As an infectious disease specialist, I have long been concerned about the misuse of antibiotics. Responsible uses of those precious drugs to minimize antibiotic-resistant infections -- by physicians, veterinarians, consumers, farmers, and livestock producers -- is crucial, but other steps must be taken.

Recently, an "action plan" was developed by the Centers for Disease Control and other agencies, but it has not been adequately funded. Even so, the plan might better be called an "inaction" plan, emphasizing education and research rather than stronger interventions, such as mandatory programs at hospitals to ensure judicious antibiotic use. Such programs can be highly successful, when overseen by an antibiotics expert.

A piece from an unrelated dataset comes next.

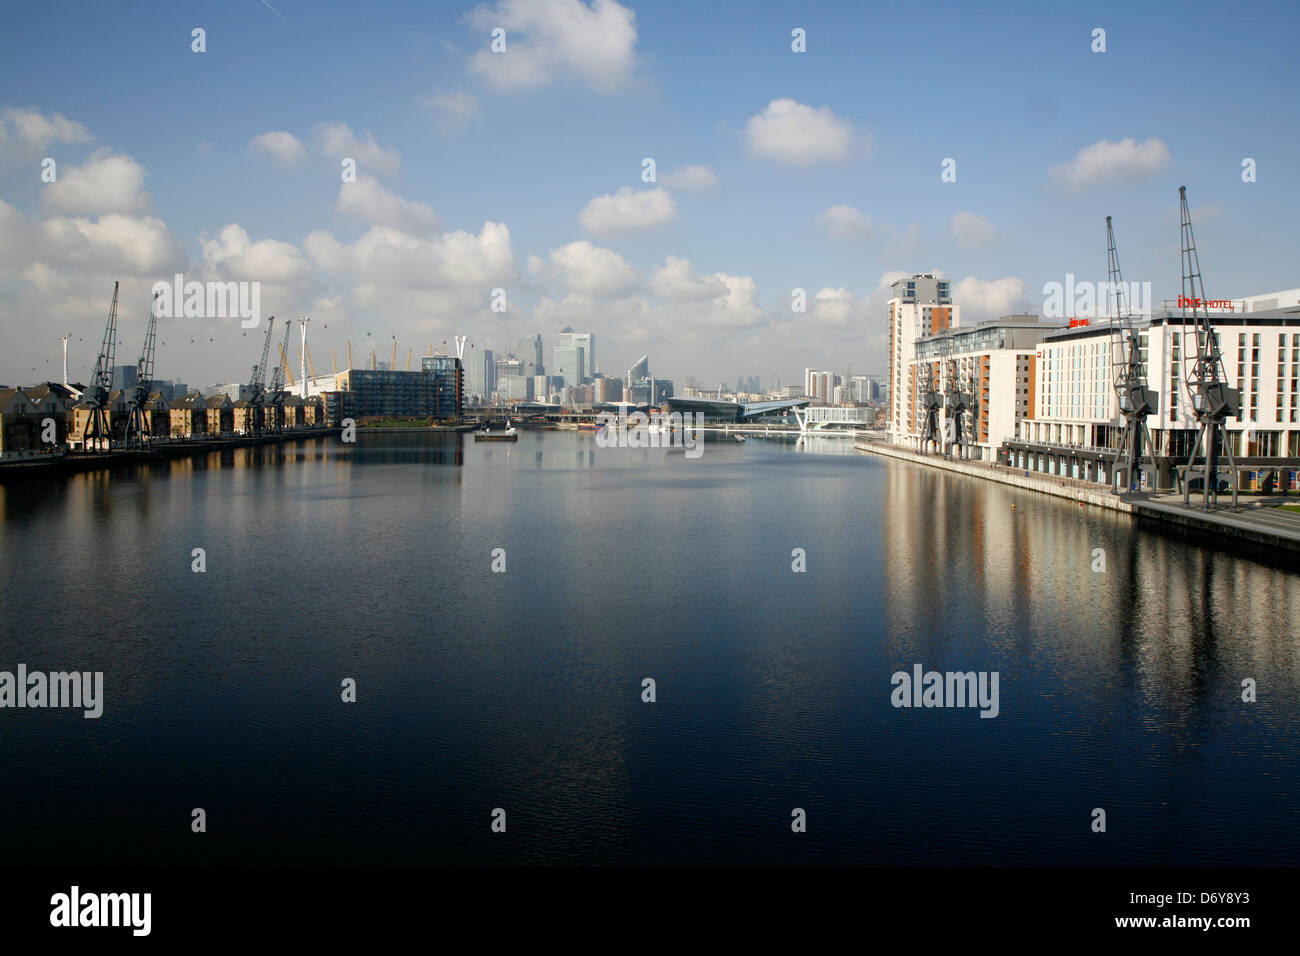 View along Royal Victoria Dock towards Canary Wharf in the far distance, Docklands, London, UK Stock Photo

Pharmaceutical companies play an indispensable role in developing new antibiotics, but they are also part of the problem. The companies have legions of salespeople that encourage doctors to use their antibiotics. Antibiotic prescribing should be based on what's best for the patient, and what the scientific literature tells us, not on a sales pitch. Similarly, doctors who receive funding from these companies should be carefully monitored regarding how they promote and prescribe their antibiotic products.
Antibiotics that are related to human use should be banned from use in food animals. Two years ago, the Center for Science in the Public Interest and other organizations petitioned the Food and Drug Administration to do just that, but the FDA has indicated that it likely will never ban most of the agricultural uses of the drugs.
A bill that would make it easier for the FDA to ban inappropriate uses of antibiotics on farms was introduced in Congress last year, but died a quiet death.
It is clear what steps must be taken, if the priority is health. The challenge is for health experts and the public to overcome the political power of the drug companies.